5. The method of claim 1, wherein the executing further comprises placing data to a first location specified by an instruction.

6. The method of claim 5, wherein the content of the second location comprises an amount of data to be acquired.

7. The method of claim 1, wherein the instructions are executed based on an adapter architecture.

8. A computer system that executes a load instruction for loading data from an adapter, the computer system comprising:

a machine instruction obtaining component for obtaining a machine instruction for execution, the machine instruction defined for computer execution according to a computer architecture, the machine instruction comprising:

identifying a loaded opcode field from the adapter instruction;

an execution component for executing the machine instruction, comprising:

a function table entry obtainer for obtaining a function table entry associated with the adapter using the function handle;

a data address obtainer for obtaining a data address of the adapter using at least one of the information in the function table entry and the offset; and

a data retrieval component for retrieving data from a particular location in the address space identified by the designation of the address space, wherein the particular location is identified by the data address of the adapter.
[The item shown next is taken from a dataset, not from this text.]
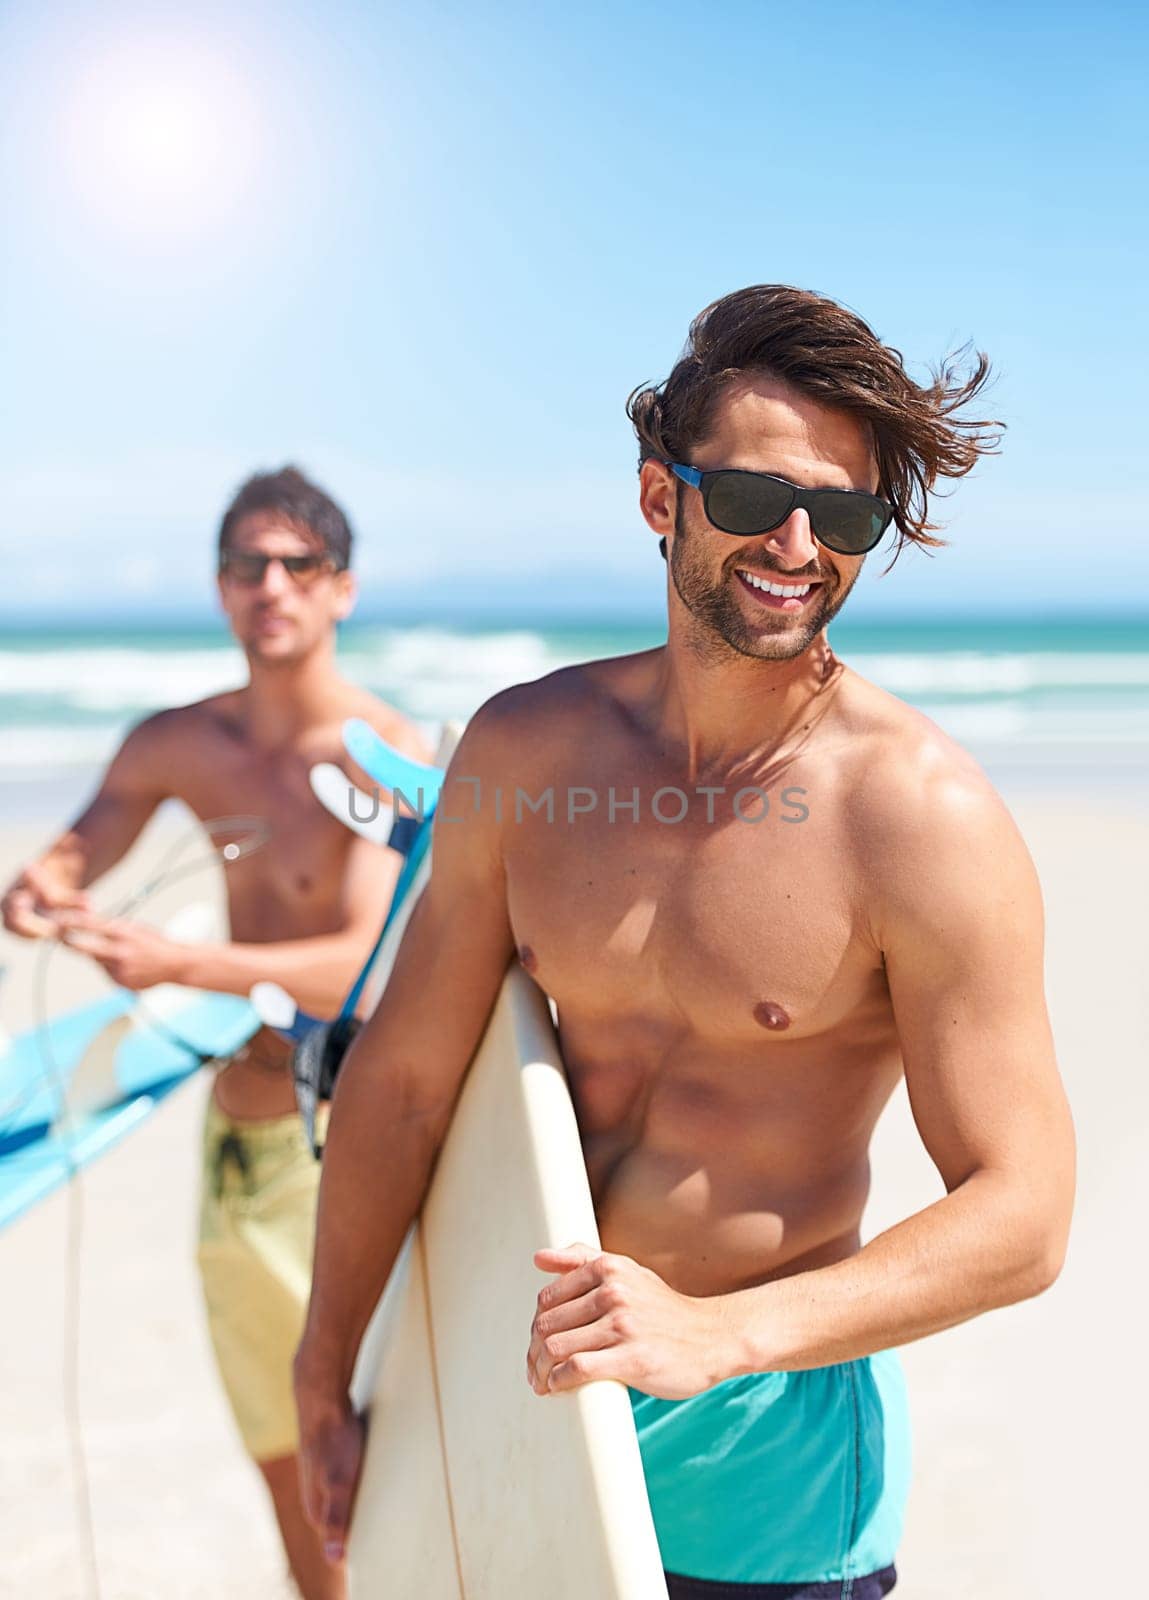 Beach, travel and man surfing friends outdoor together for summer vacation or holiday trip overseas. Surf, sea or fun with a shirtless young male surfer in sunglasses and friend bonding on the coast.

9. The computer system of claim 8, wherein the address space to be accessed is one of a memory space or an I/O space, and wherein obtaining the data address comprises: the data address is obtained using one or more parameters of a function table entry.

10. The computer system of claim 9, wherein the data address obtainer for obtaining the data address of the adapter using at least one of the offset and information in the function table entry comprises: means for adding the value of the base address register of the function table entry to the offset to obtain the data address.

11. The computer system of claim 8, wherein the address space to be accessed is a configuration space, and wherein the data address is an offset provided by an instruction, the offset identifying a register number in the configuration space.

12. The computer system of claim 8, wherein the execution component for executing the machine instruction further comprises means for placing data to a first location specified by an instruction.

13. The computer system of claim 12, wherein the content of the second location comprises an amount of data to be retrieved.

14. The computer system of claim 8, wherein the instructions are executed based on an adapter architecture.